#### Action item:
Leaving every picture out, repeat all of the entries below exactly.

#### Dataset records:
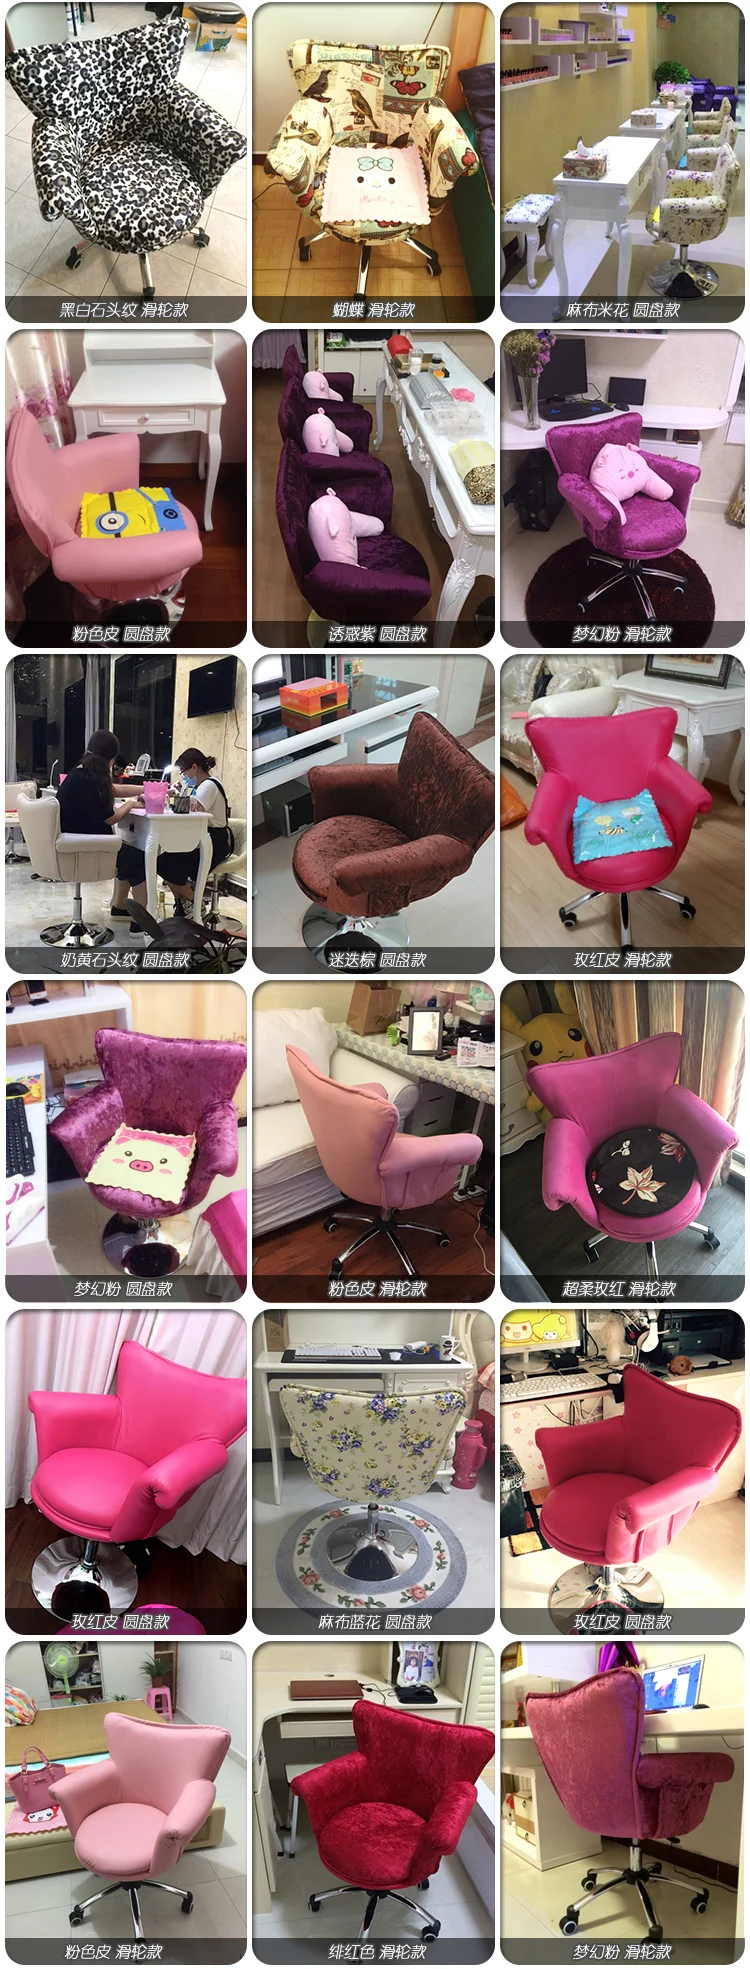 Удобный модный розовый компьютерный стул. Домашнее игровое кресло. Live стул
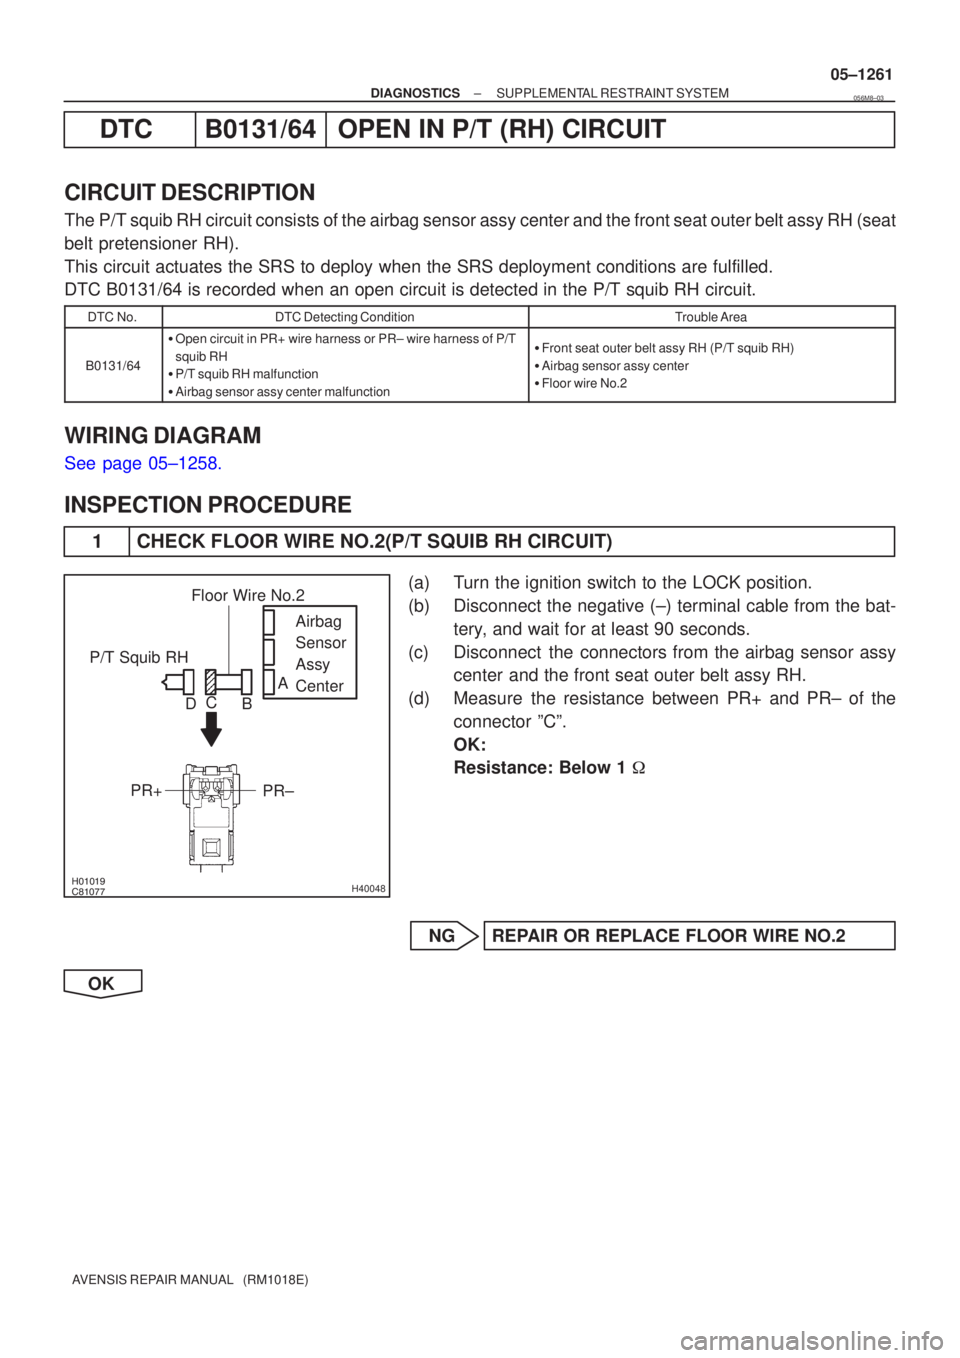 TOYOTA AVENSIS 2005  Service Repair Manual H40048
P/T Squib RHAirbag
Sensor
Assy
Center
PR±
PR+
Floor Wire No.2
A
B
C
D
±
DIAGNOSTICS SUPPLEMENTAL RESTRAINT SYSTEM
05±1261
AVENSIS REPAIR MANUAL   (RM1018E)
DTC B0131/64 OPEN IN P

#### Completed task:
 Удобный модный розовый компьютерный стул. Домашнее игровое кресло. Live стул
 TOYOTA AVENSIS 2005  Service Repair Manual H40048
P/T Squib RHAirbag
Sensor
Assy
Center
PR±
PR+
Floor Wire No.2
A
B
C
D
±
DIAGNOSTICS SUPPLEMENTAL RESTRAINT SYSTEM
05±1261
AVENSIS REPAIR MANUAL   (RM1018E)
DTC B0131/64 OPEN IN P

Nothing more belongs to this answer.